+++ Collected data +++

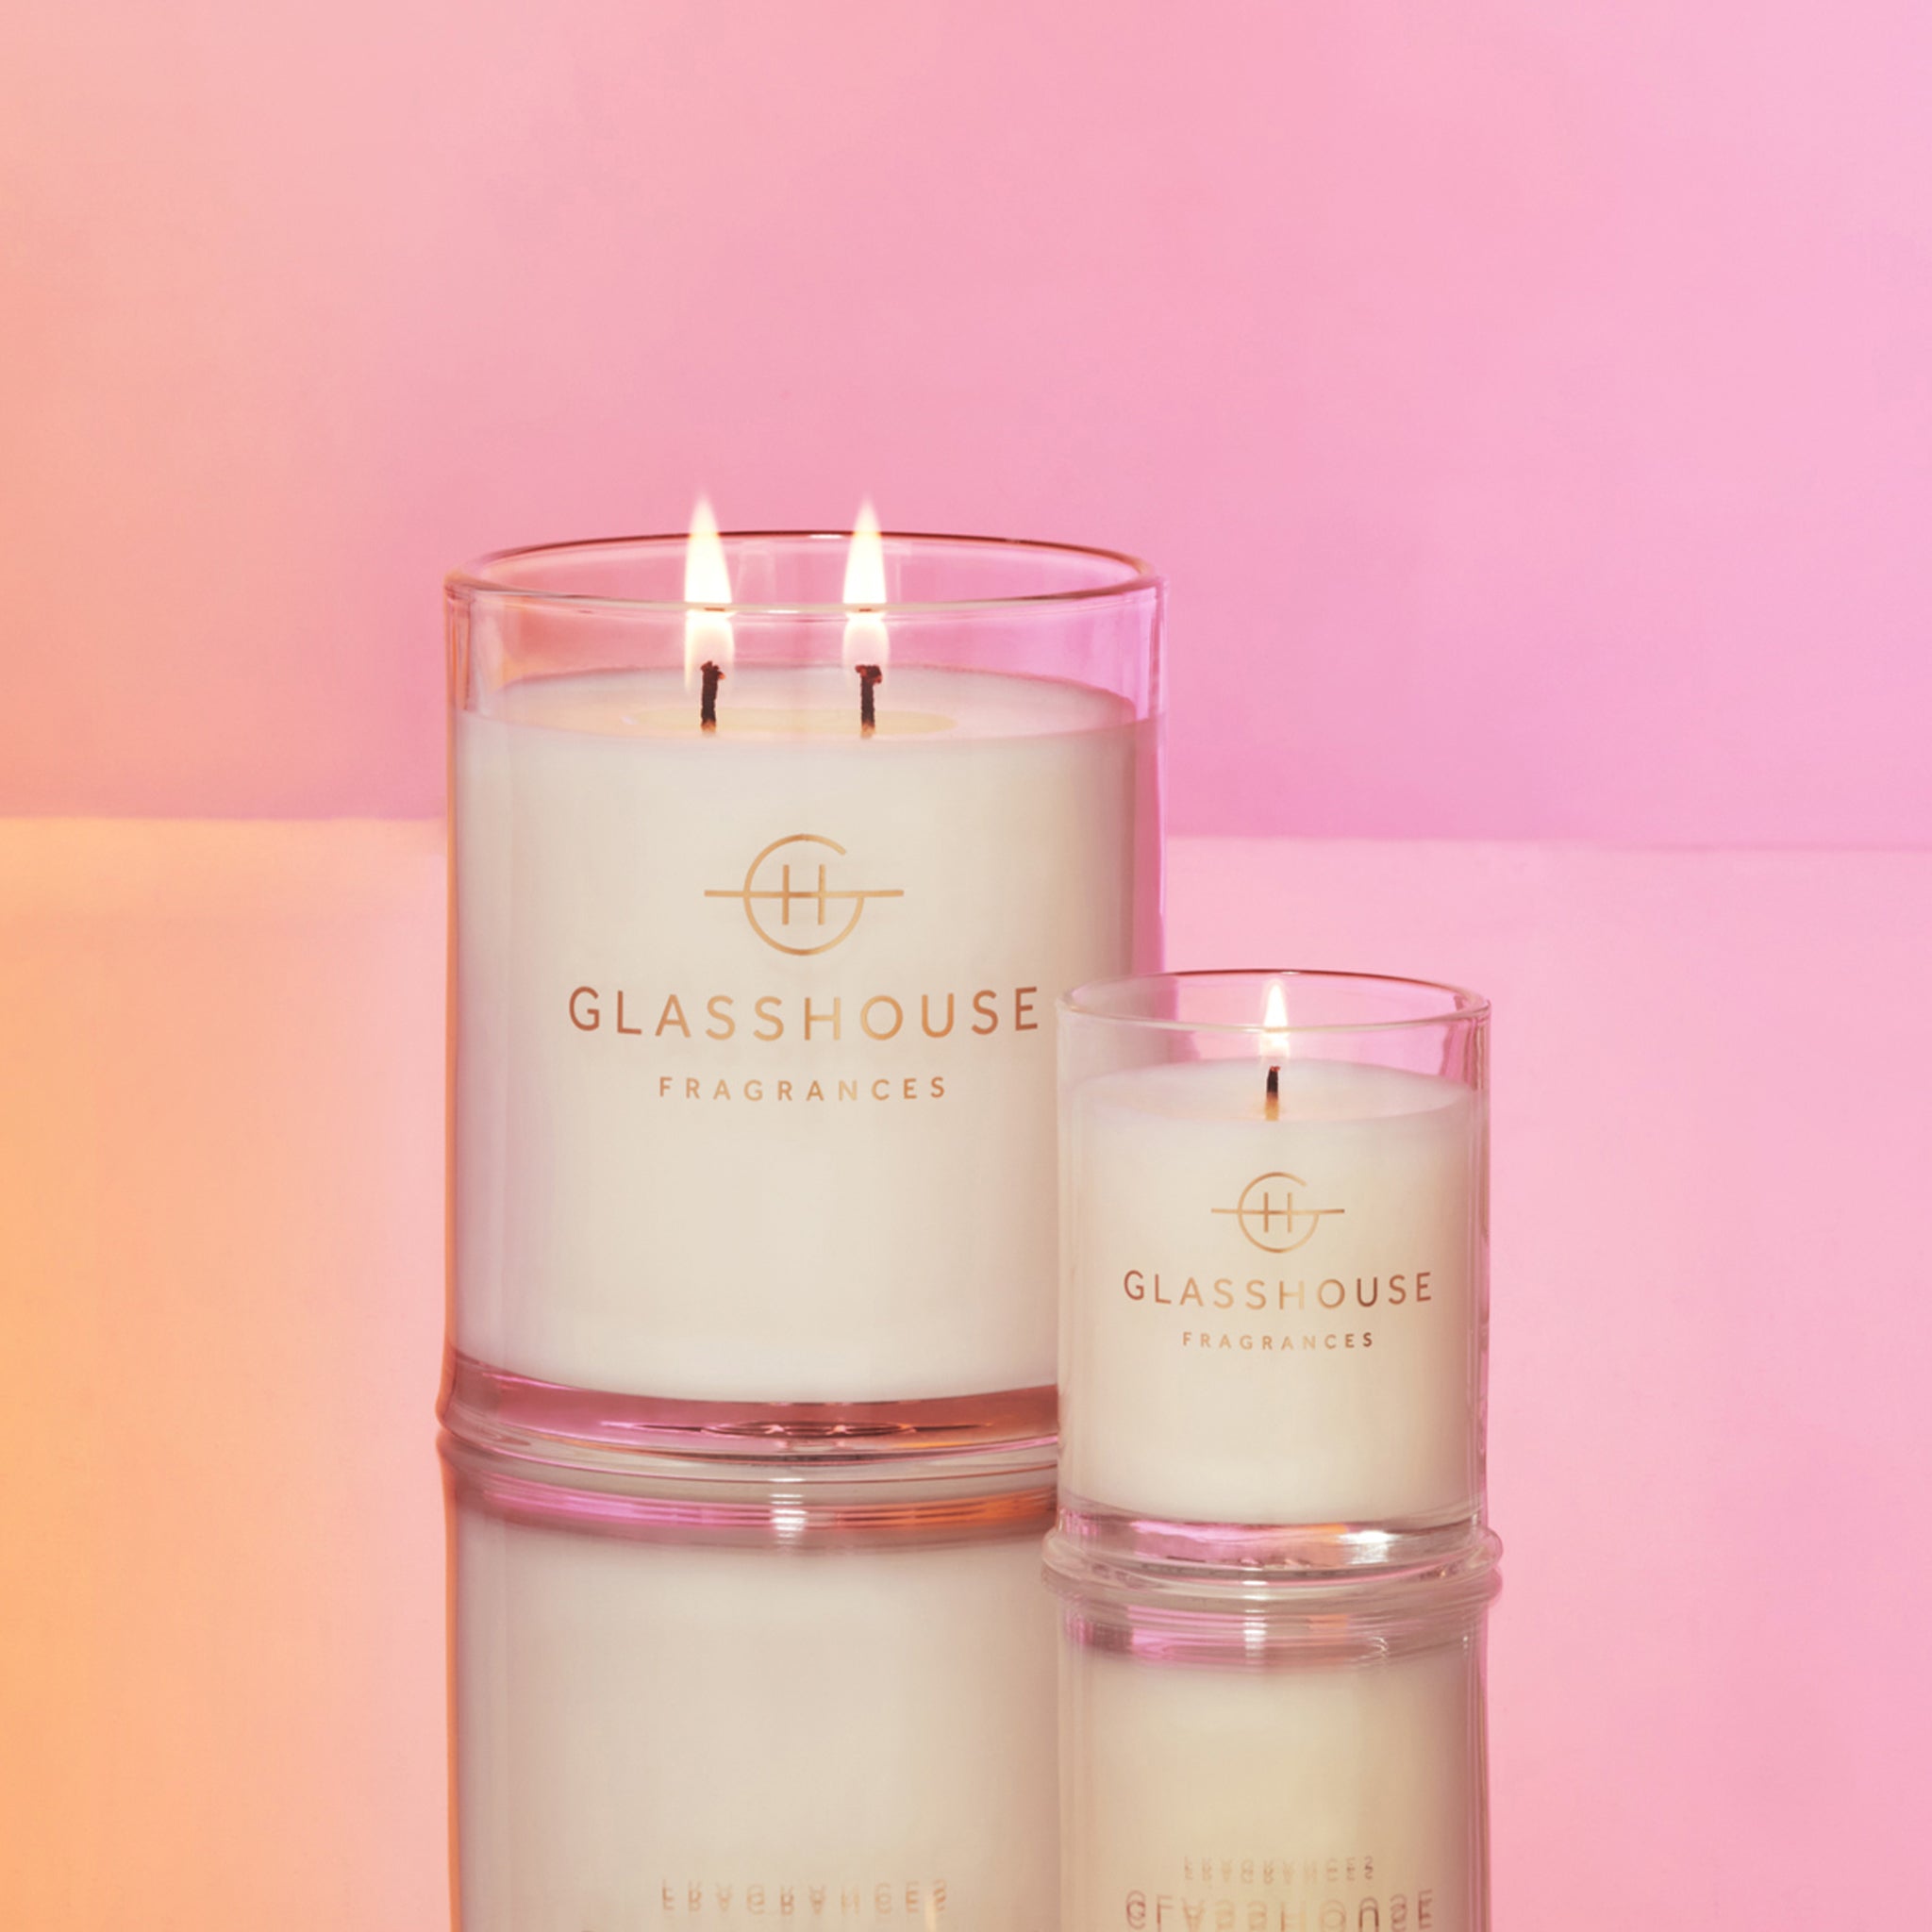 Glasshouse Fragrances 60g Soy Candle - SUNSETS IN CAPRI - White Peach & Sea Breeze
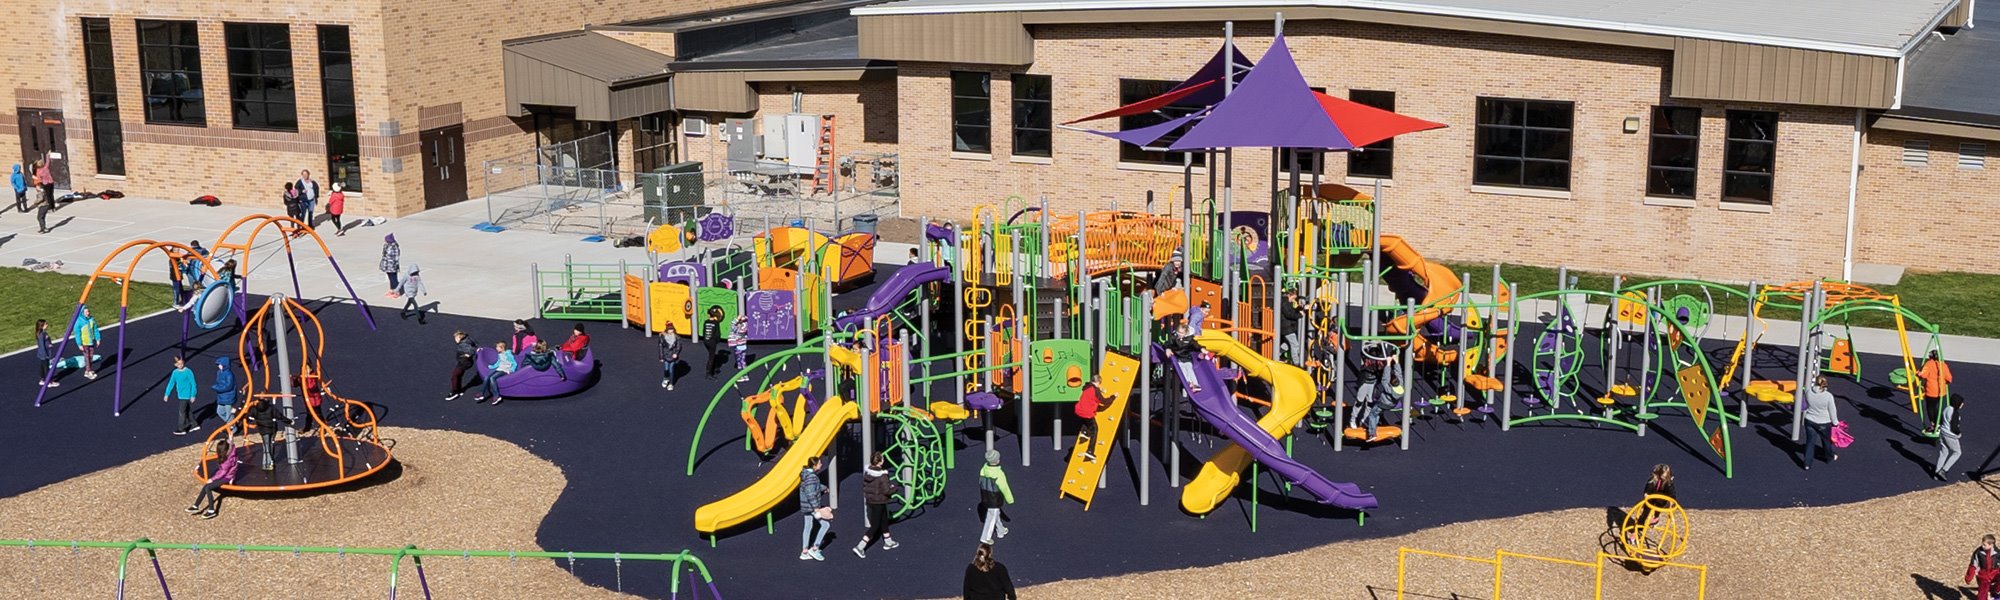 Fitness Playgrounds
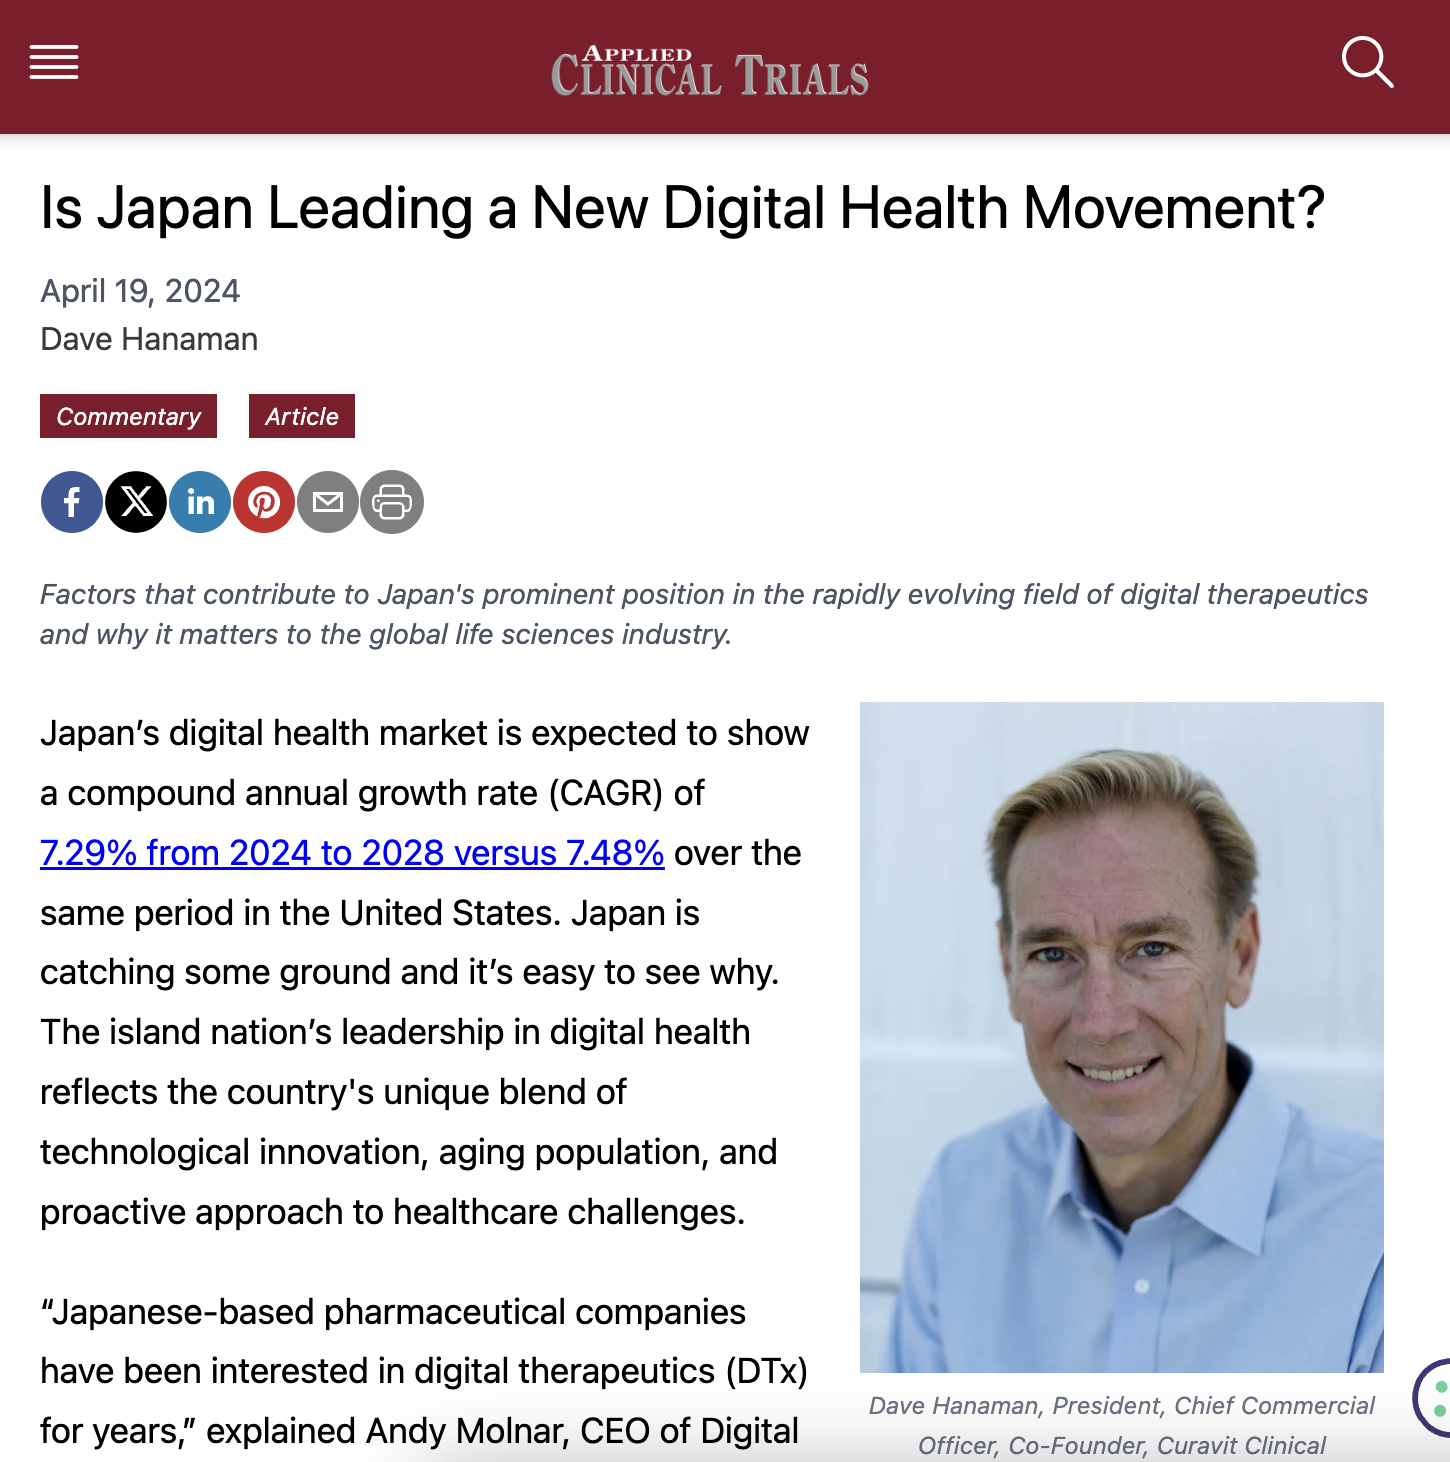 Is Japan Leading a New Digital Health Movement?

+++

Problem details |
Leaving out the pictures, transcribe the material above exactly.

Solution to the problem |
 Glasshouse Fragrances 60g Soy Candle - SUNSETS IN CAPRI - White Peach & Sea Breeze
 Fitness Playgrounds
 Is Japan Leading a New Digital Health Movement?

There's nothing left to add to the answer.